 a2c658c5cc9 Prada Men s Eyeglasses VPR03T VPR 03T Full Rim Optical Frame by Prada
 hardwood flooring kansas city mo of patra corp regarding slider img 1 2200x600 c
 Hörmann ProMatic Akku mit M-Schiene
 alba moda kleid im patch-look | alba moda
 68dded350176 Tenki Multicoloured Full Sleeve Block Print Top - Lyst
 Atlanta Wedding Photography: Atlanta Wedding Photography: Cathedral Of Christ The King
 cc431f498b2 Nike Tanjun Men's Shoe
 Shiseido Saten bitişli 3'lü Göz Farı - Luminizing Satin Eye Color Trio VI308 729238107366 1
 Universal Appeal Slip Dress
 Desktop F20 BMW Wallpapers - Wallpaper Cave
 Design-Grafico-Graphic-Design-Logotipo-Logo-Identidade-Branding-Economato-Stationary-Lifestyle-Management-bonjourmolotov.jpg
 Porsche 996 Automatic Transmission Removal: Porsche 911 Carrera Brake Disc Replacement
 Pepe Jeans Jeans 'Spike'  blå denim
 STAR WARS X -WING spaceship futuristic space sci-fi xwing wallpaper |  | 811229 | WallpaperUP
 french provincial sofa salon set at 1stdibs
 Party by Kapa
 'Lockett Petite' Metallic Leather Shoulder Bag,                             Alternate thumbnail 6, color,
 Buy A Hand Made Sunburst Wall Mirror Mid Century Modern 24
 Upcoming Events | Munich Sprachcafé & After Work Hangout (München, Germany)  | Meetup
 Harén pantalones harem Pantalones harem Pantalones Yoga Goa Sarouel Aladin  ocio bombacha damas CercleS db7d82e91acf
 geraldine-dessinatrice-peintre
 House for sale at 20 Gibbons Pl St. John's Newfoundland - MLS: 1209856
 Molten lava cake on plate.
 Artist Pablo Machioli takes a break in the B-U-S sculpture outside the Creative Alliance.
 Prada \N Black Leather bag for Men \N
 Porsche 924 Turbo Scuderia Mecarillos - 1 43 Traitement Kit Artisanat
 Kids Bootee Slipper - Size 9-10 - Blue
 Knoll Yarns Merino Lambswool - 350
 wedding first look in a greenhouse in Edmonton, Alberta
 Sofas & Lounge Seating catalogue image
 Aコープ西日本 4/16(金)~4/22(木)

┄┄┄┄┄┄┄┄┄┄

Reprint exactly, and only, the lines running from the one containing "wedding first look" through the last line of the listing above.

 wedding first look in a greenhouse in Edmonton, Alberta
 Sofas & Lounge Seating catalogue image
 Aコープ西日本 4/16(金)~4/22(木)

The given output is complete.